In order to launch Mothership, the brothers looked no further than the living room, drafting their dad to fill in on drums. Smith, who was playing in a cover band at the time, replaced Dad after months of going to shows and asking to tryout. "I kept bugging them to let me jam," says Smith. "And they kind of messed with me for a bit."

"Yeah, we were pretty much, 'yeah he's the one,' but we kind of made him hold out," says Kyle.

In time the band became the kind of band who would play just about anywhere, resulting in a loyal fan base of metalheads, potheads, bikers, babes and anyone else into heavy rock. Dallas and Fort Worth both boast lively heavy rock scenes, but Mothership has steadily risen to headlining status, and is now a go-to opener for most of the national touring shows. They've now opened for German psyche-rockers Kadavar, California's Gypsyhawk and Austin's Scorpion Child. If you dive into the black hole of heavy music scenes throughout the country, chances are you'll find a Mothership t-shirt in their pictures.

"That's because Tasty is the man," says Kyle, referring to the band's road manager, merch guy and "unofficial fourth member. "If it were up to me and Kelley, we'd probably just give our stuff away. Tasty's a master of selling that shit and turning a profit." Whether the band itself can turn a profit remains to be seen, but the dudes are obviously committed. "You pretty much have to tour, even if it that makes money tight," Kyle says.
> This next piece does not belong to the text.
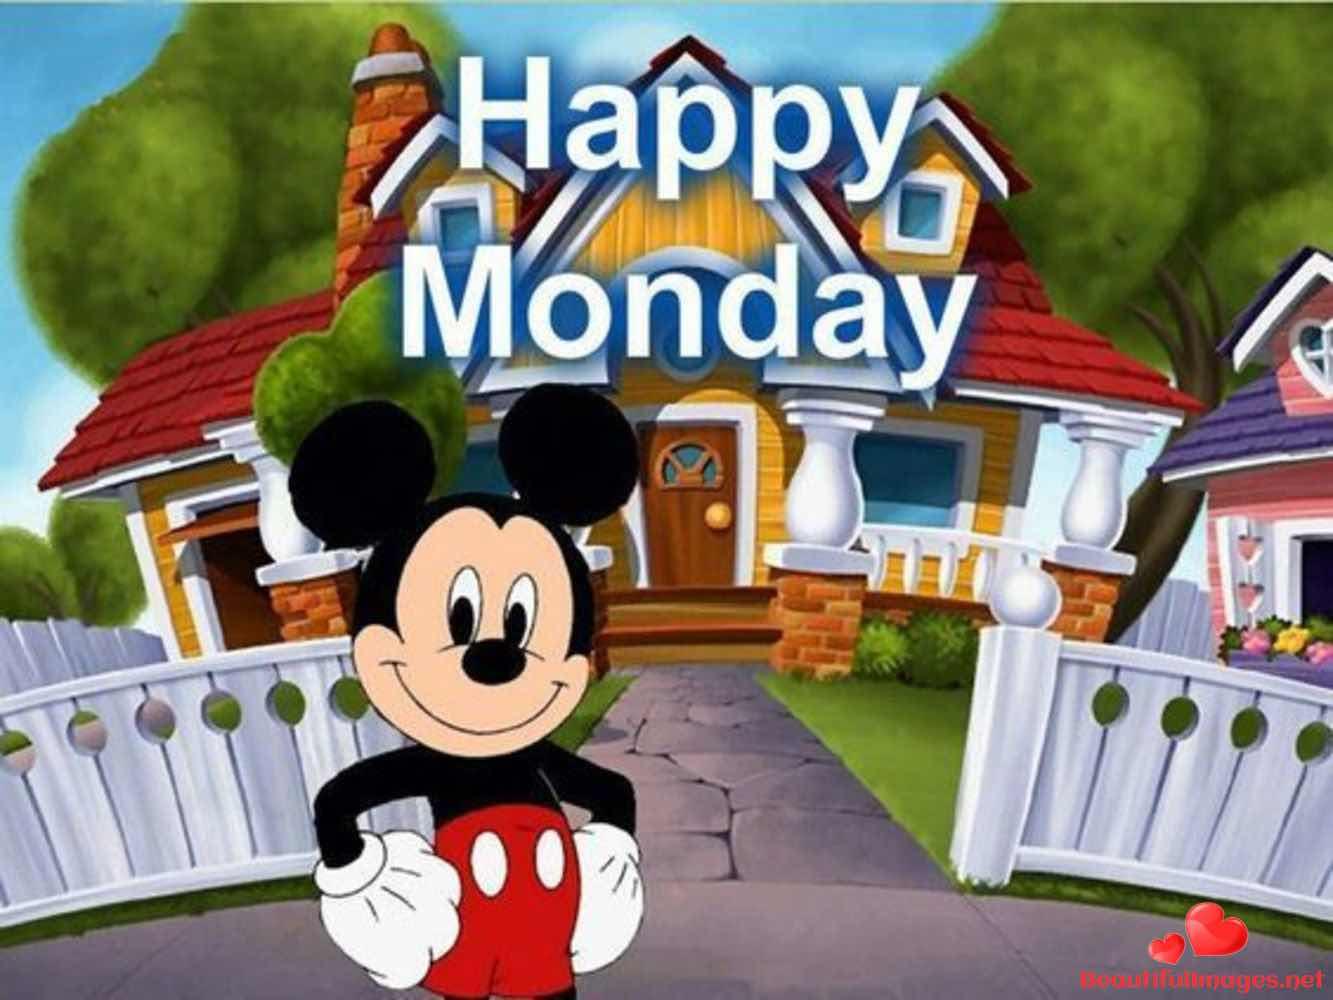 Good-Morning-Monday-Whatsapp-Images-438

At the moment, he's the only one with a job outside the band, bartending at Reno's Chop Shop in Deep Ellum. Smith and Kelley occasionally pick up production work ("lighting, stage work, that sort of thing," says Kelley), but for the most part it's all Mothership all the time. "The band's about it for me," said Smith. "We're all-in, you know?"
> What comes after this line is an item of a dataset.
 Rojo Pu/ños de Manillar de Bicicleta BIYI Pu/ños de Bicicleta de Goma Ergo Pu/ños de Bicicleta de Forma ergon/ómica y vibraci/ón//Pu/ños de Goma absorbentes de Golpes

In the case of Mothership, "all-in" means a lot of work. If they're not playing, they're rehearsing, pulling the all-day, all-night jam sessions of a band determined to make a hobby into a job. Following SXSW, the band returned to Crystal Clear Sound to record the follow-up to their self-titled debut with producer/engineer Kent Stump, before heading on the road in early April for a couple weeks across the South on another tour with Kadavar. When that tour ends, the band heads across the pond as one half of their "Texas Takeover Tour" of Europe, with Stump's own band, Wo Fat.

While tightening any loose screws for two higher profile tours is a heavy component of the Mothership regimen, crafting their second album seems to be what's really fired the band's engines. "The new songs, they're definitely Mothership songs, but they're more mature," says Kelley. "I think our new material is a lot more technical. The ideas are more expansive than the ones on the first record."

"These new jams are definitely the next chapter," says Kyle.

The first chapter, 2013's Mothership, wears the band's influences on its sleeve, both literally and figuratively. From the busty space-angel on the album's cover to the Orange Goblin-meets-Blue Cheer within its grooves, the band's debut is a hooky slab of heavy jams, crisp solos and fuzzed-out party rock; it's the sound of a custom van chugging its way through an asteroid field, like Chewbacca out on a beer run. The new material, thundered live in front of me at earth-shaking volume, fits the Mothership template, but this stuff is moodier, more complex. It's undeniably heavier, too. Mothership II is indeed the next stage of the band's evolution; rather than cobbling together the best riffs and hoping for the best, the band's drive to write songs as opposed to merely rearranging or repurposing jams is obvious.

Of course, this is a band on a small indie label (California-based Ripple Music), which is great for distribution but less so for buying studio time, at least if you want to keep your masters. "They would've paid for it," Kelley says, "but we want to keep the rights to our music."

"We've started an Indiegogo campaign to help fund the record and the European trip," says Kyle, "We're trying to keep it DIY." He adds, "The way we record, we basically just rehearse the album for a week or so, and then we track live, so we make the most of our studio time." Where Mothership ultimately lands is anyone's guess, but the hours spent in the Hangar are stacking the odds in their favor.